Adding to the quagmire, the country’s already deteriorating and shrinking economy continues to wither under Trump’s “maximum pressure” campaign, the Iran–Israel war, the activation of the snapback mechanism sanctions, and severe drought and environmental crises. All of this has further destabilized the Regime, leaving it unable to even generate sufficient electricity and gas for domestic consumption.
Iran’s Strategic Contraction and the Limits of External Balancing
Iran jumped into 2025 with a number of cumulative strategic setbacks, as 2024’s unresolved challenges only compounded in the new year. Over the course of 2024, Iran lost significant elements of its “Axis of Resistance,” following Hamas’s attack on Israel on 7 October 2023, and the ensuing regional escalations.
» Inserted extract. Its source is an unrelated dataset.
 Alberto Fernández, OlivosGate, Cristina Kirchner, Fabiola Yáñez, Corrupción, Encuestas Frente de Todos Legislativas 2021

While Iran’s defence strategy had aimed to project control and influence across the region and in the Mediterranean and the Red Sea, its collapse in 2025 exposed Iran to regional pressures and left it vulnerable to Israel’s expanding operational reach.
The assassination of Hamas leader Ismail Haniyeh in Tehran during Iran’s presidential inauguration ceremony in July 2024, the killing of Hezbollah’s Hassan Nasrallah two months later in Beirut, and the collapse of the Assad regime in Syria in December 2024 cleaved through “Axis of Resistance”.
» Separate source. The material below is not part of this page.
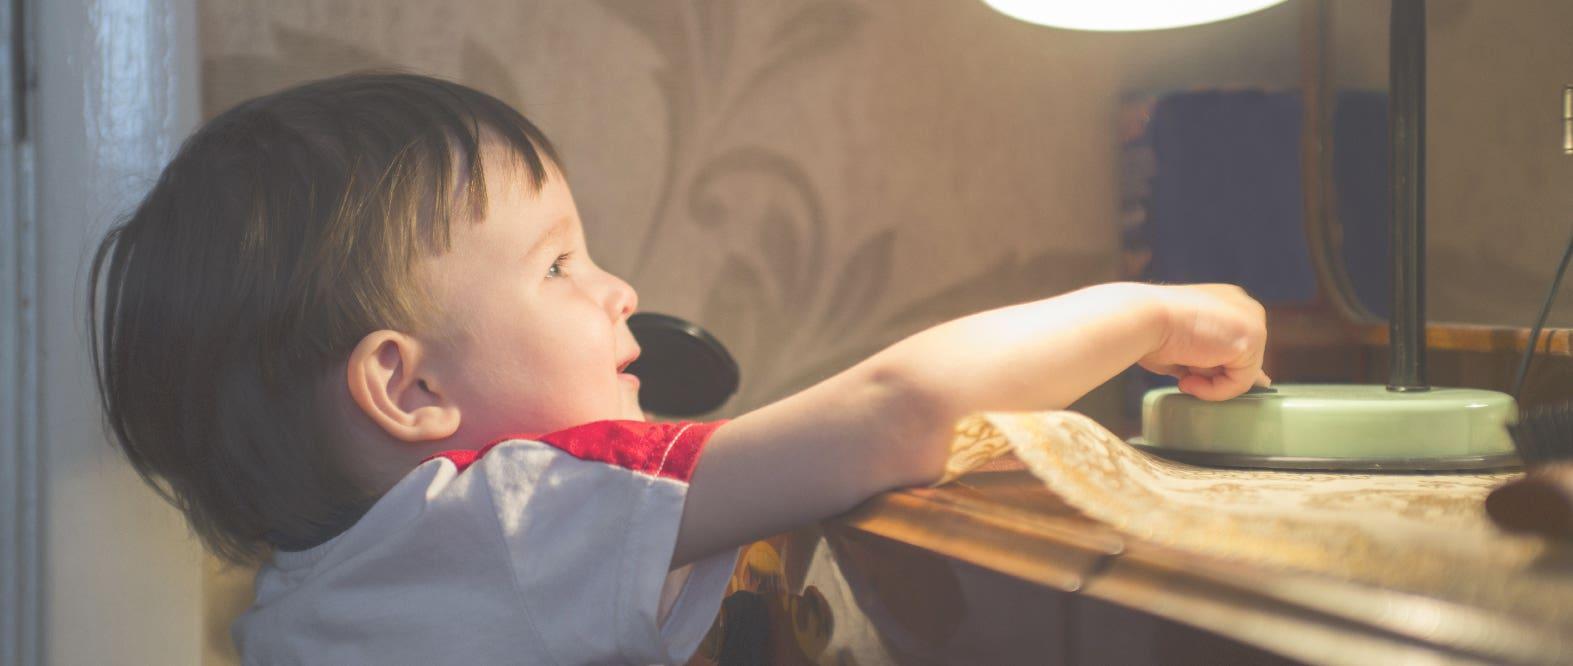 Cuidado energético: ¿Cómo enseñarle a los niños a ahorrar energía?

To counter these setbacks, Tehran sought new security guarantees, signing a “comprehensive strategic partnership treaty” with Russia in January 2025. However, the treaty proved to be a hedge rather than a shield. During the 12-day Israel–Iran War, Russia did not provide Iran with military assistance, and several Iranian officials, including Mohammad Sadr, a member of Iran’s Expediency Council appointed by Supreme Leader Ali Khamenei, claimed that Russia may have even shared intelligence regarding Iran’s air defence systems with Israel.
Iran Nuclear Program: Trump’s Diplomacy of Maximum Pressure
Iran’s political challenges were further compounded by Donald Trump’s second term as U.S. president. Upon returning to office, President Donald Trump, who withdrew from the Iran nuclear deal (JCPOA) in 2018, reinstated “maximum pressure” to force Iran into a new nuclear agreement on different terms.
Trump presented the Iranian regime with a two-month ultimatum with two options: either accept zero uranium enrichment and sign the agreement, or face military action against its nuclear sites.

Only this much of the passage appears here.